FouAnalytics - "see Fou yourself" with better analytics

发布日期: 2022年11月15日

Bigger is better, right? But bigger data is not necessarily better. In most cases, it's actually worse, because it's not being used correctly or interpreted correctly. Also, users of the data may not know the accuracy of the data or if it's been tampered with, etc. What the hell am I getting at? Over the years, many advertisers that I have helped had been advised to get log-level data, as a way to solve ad fraud. That's a nice idea in theory, but I'm here to tell you that's not necessary, why, and what to do instead.

Big data could simply be bad data

Log-level data is big data. Truly enormous data. Uber came to me in 2016 to ask for help reviewing terabytes of data they already collected to see if I could help them identify the fraud. I turned them down instantly, because there was no way to know if the data was accurate or if it had been tampered with. Years later, I was proven right, when court documents from one of the fraud cases that Uber won showed the ad tech vendor had fabricated the "log-level" data in its entirety -- "let's spin up more BS to Uber." Some vendors didn't even run any ads; they just took Uber's money and sent "transparency reports" that were entirely made up out of thin air -- falsely claiming that ads ran on mainstream sites and mobile apps.

So, having lots of data is entirely meaningless unless you had a way to know whether the data is real or not, let alone accurate or not. Having a ton of data presents many other challenges that most advertisers are not equipped to handle in the first place. How do you transport and store terabytes of data? How do you clean and standardize the data so even the most basic of charts can be made from it? What data should be used to generate insights that are pertinent to the business outcomes of the digital ad campaigns, or even to just optimize the campaigns themselves? All of the above require not only specialized tech to handle, it requires specialized people to handle -- data scientists and analytics team members.

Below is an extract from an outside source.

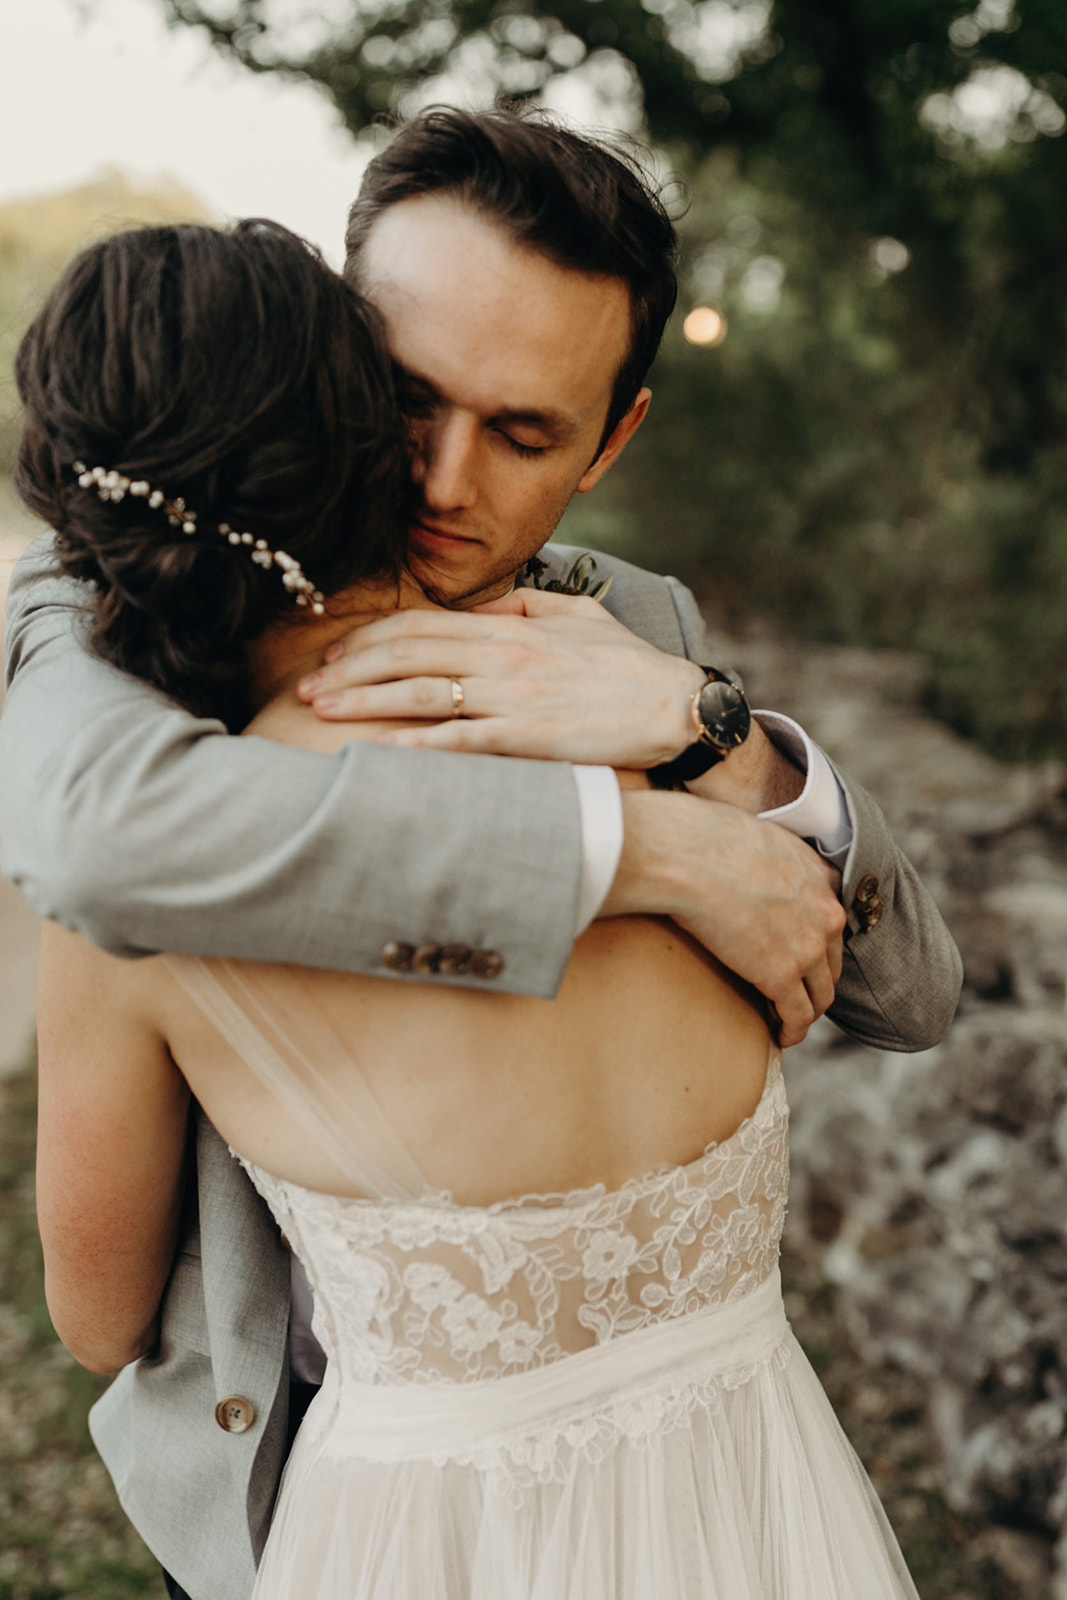 austin-wedding-lindsey-bryce-554.jpg

Sadly, over the last 20 years, I've witnessed many gaps and insufficiencies. For example, the data scientists of a now defunct fraud detection firm rightly identified 100s of billions of fraudulent bid requests that appeared to come from sports domains like nfl.com, mlb.com, espn.com, dallascowboys.com, etc. But because they didn't understand how ad tech worked, they published a press release incorrectly claiming they caught a giant botnet they dubbed "Sports Bot." That botnet didn't exist, and major sites like espn and mlb were not overrun with bots. In fact there were no bots visiting those sites at all. The enormous quantities of faked bid requests were generated by python scripts on servers; no bots were needed to visit those websites. As a result of the inaccurate press release, those publishers whose sites were named got frantic calls from advertisers and agencies asking about their "exposure" to Sports Bot. This was but one example of analytics teams looking at the big data correctly, but not understanding the tech or digital advertising sufficiently -- i.e. a "gap."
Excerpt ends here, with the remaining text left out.